Après le repas, mon père posa sa grosse main habile sur ma tête et caressa timidement les boucles tendres de ma tempe.
– Tu as sept ans, Sinouhé, dit-il, tu dois te choisir une carrière.
– Je veux devenir soldat, répondis-je tout de suite. Je ne compris pas sa mine déçue. Car les meilleurs jeux des garçons dans la rue sont militaires, et j'avais vu les soldats s'exercer et lutter devant leur caserne, j'avais vu les chars de combat sortir de la ville pour des manœuvres, avec leurs roues bruyantes et leurs pennons flottants. Il ne pouvait exister de carrière plus honorable et plus brillante que le métier des armes. Un soldat n'a pas besoin de savoir écrire, c'était pour moi la raison principale de mon choix, car mes camarades m'avaient raconté des histoires terribles sur les difficultés de l'écriture et sur les cruautés des maîtres qui vous arrachaient les cheveux si on avait le malheur de casser sa tablette ou de briser son style.
Mon père n'avait probablement pas été très doué dans son enfance, sinon il serait parvenu plus haut que le rang de médecin des pauvres. Mais il était consciencieux et ne nuisait pas à ses malades, et au cours des années il avait amassé de l'expérience. Il savait aussi comme j'étais sensible et entêté, et il ne protesta pas contre ma décision.
Mais au bout d'un moment il demanda à ma mère une cruche, entra dans sa chambre et y versa du vin ordinaire.
– Viens, Sinouhé, me dit-il en m'entraînant vers le rivage.
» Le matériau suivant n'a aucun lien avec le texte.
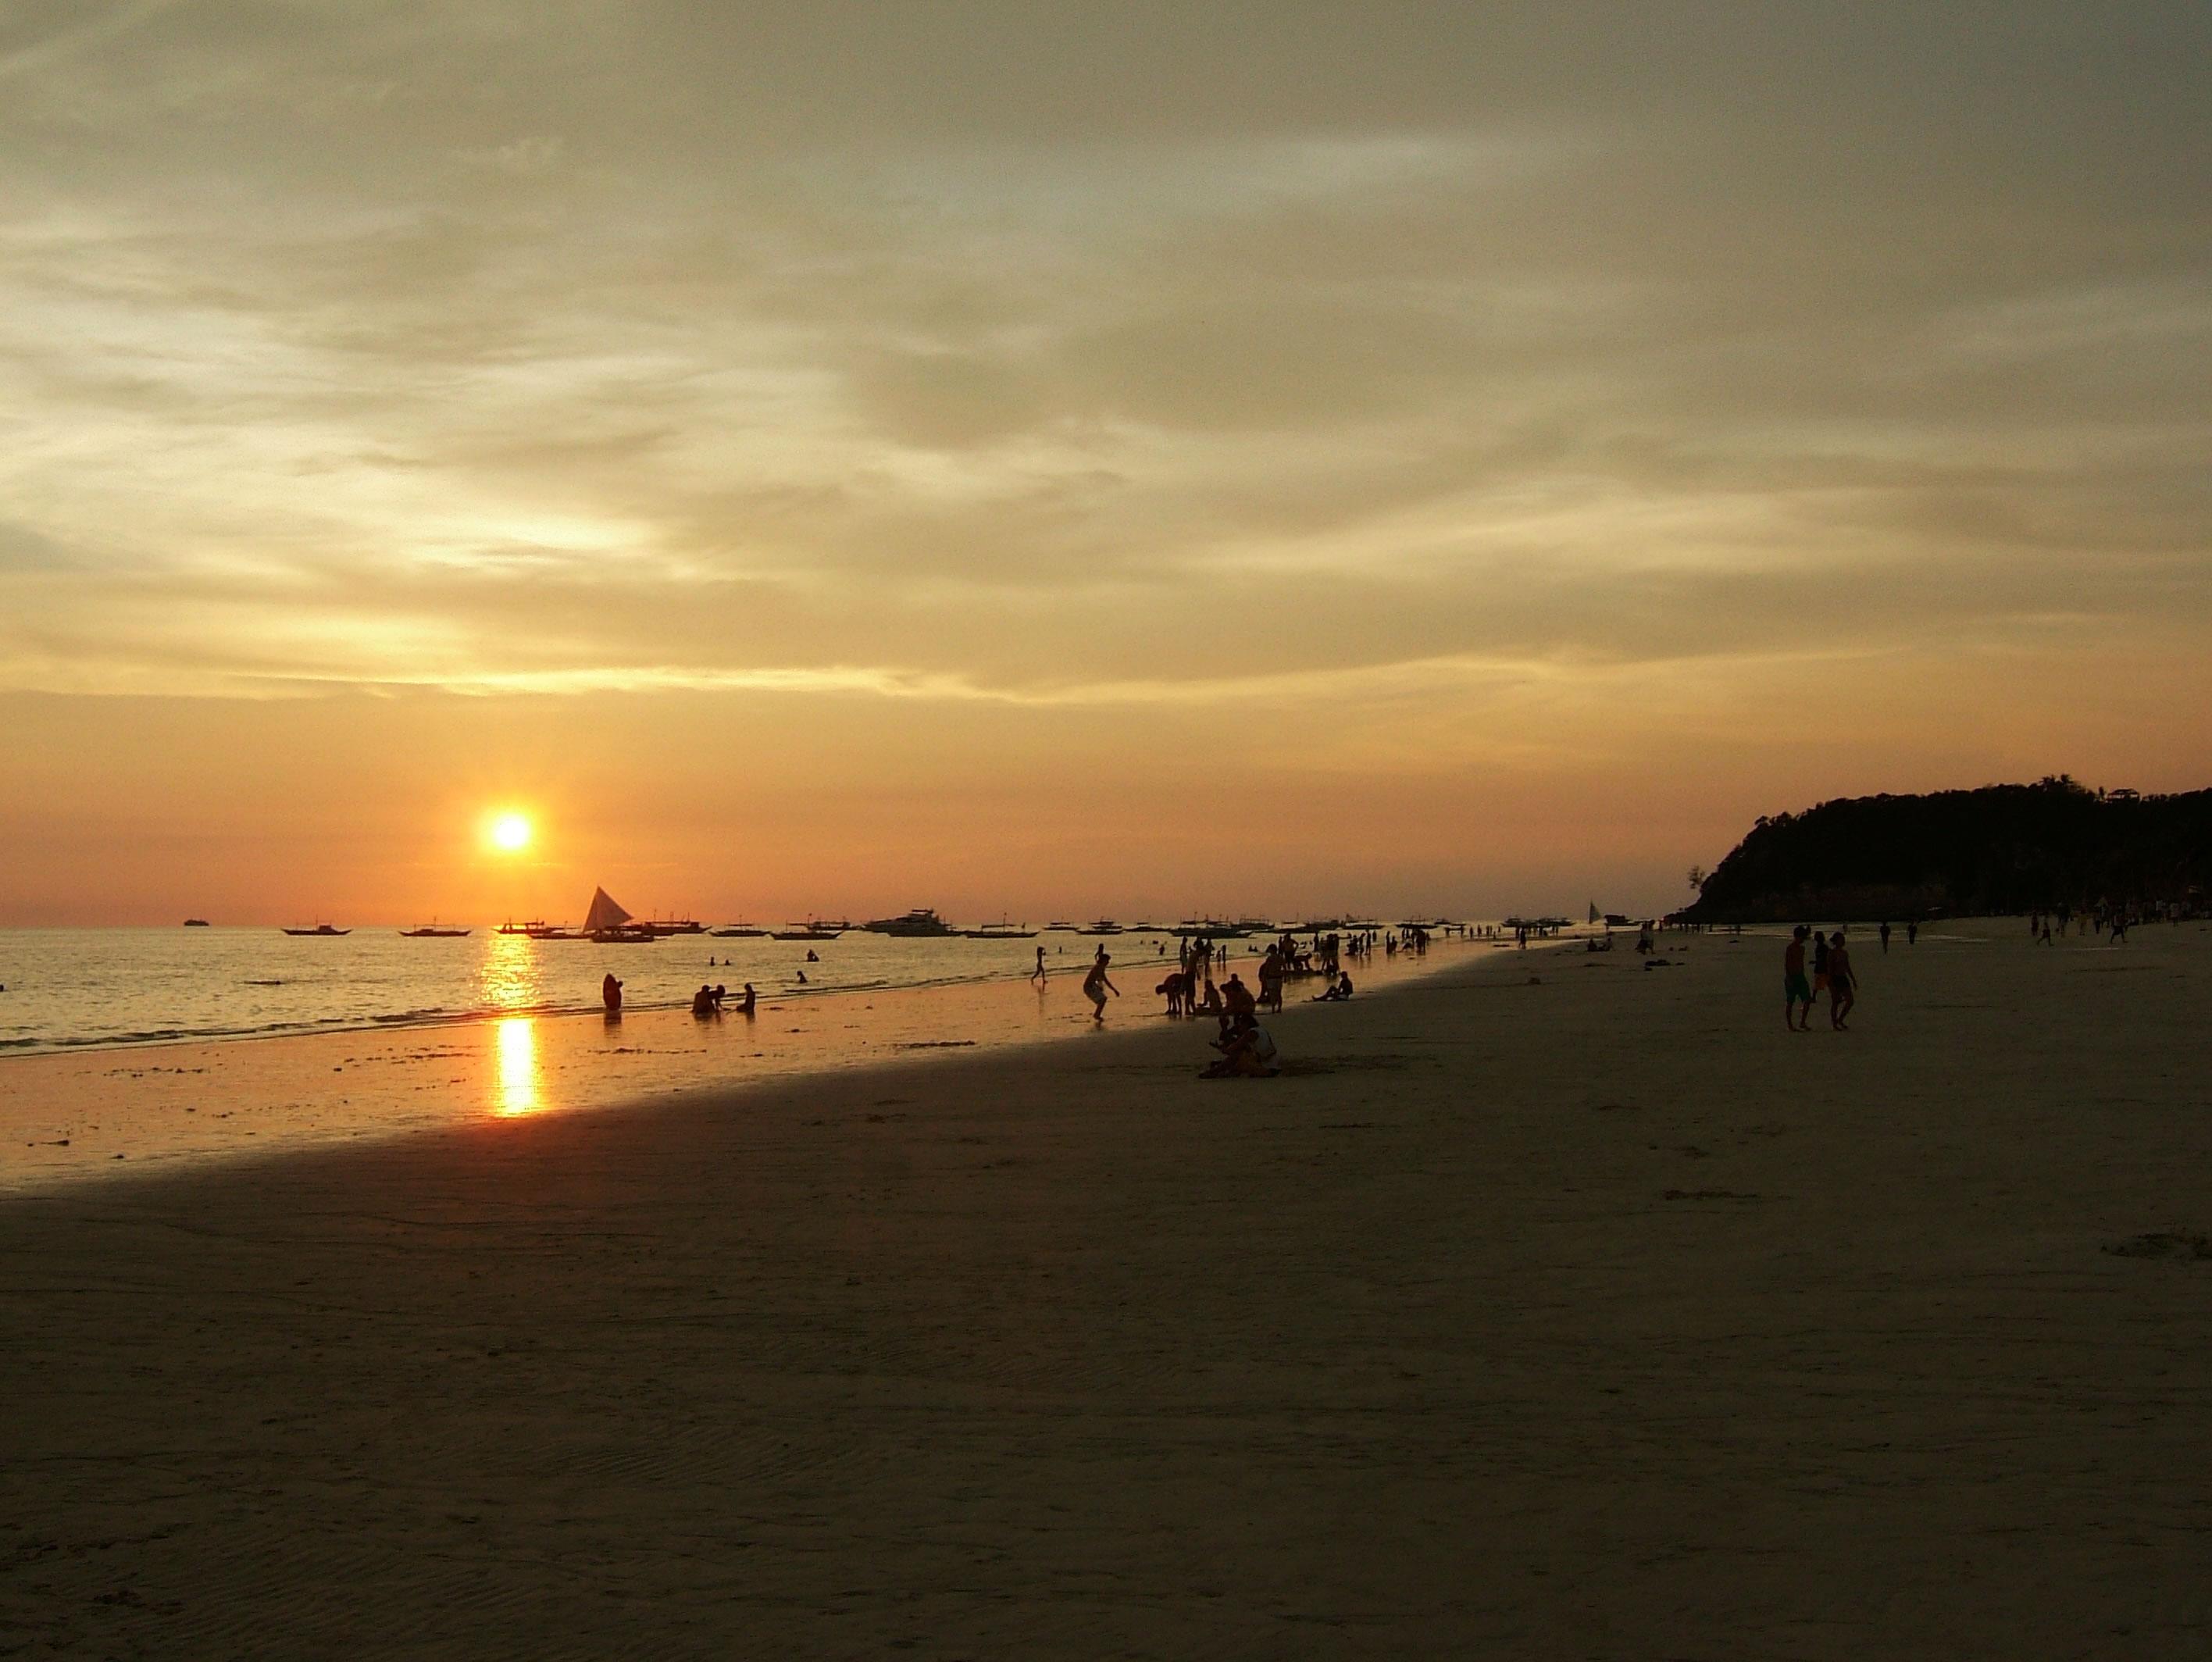 Philippines Sugar Islands Caticlan Boracay White Beach Sunset 2007 15

Je le suivis avec étonnement. Sur le quai, il s'arrêta pour observer un chaland d'où des porteurs suants, le dos voûté, sortaient des marchandises emballées dans des toiles cousues. Le soleil se couchait derrière les collines, sur la Ville des morts; nous étions repus, mais les hommes déchargeaient toujours, les flancs haletants et couverts de sueur. Le surveillant les excitait du fouet, et tranquillement assis sous un auvent un scribe inscrivait chaque charge.
– Voudrais-tu être comme eux? demanda mon père.
Cette question me parut stupide et je n'y répondis pas, mais je jetai à mon père un regard étonné, car vraiment personne ne pouvait désirer devenir semblable à ces porteurs.
– Ils triment de bonne heure le matin jusque tard dans la soirée, dit mon père Senmout. Leur peau est tannée comme celle du crocodile, leurs mains sont rudes comme les pattes du crocodile. C'est seulement à la nuit tombée qu'ils peuvent regagner leur cabane de pisé, et leur nourriture est un morceau de pain, un oignon et une gorgée de cervoise aigre. Telle est la vie des débardeurs. Telle est aussi celle du laboureur. Telle est celle de tous ceux qui travaillent de leurs mains. Tu ne les envies sûrement pas?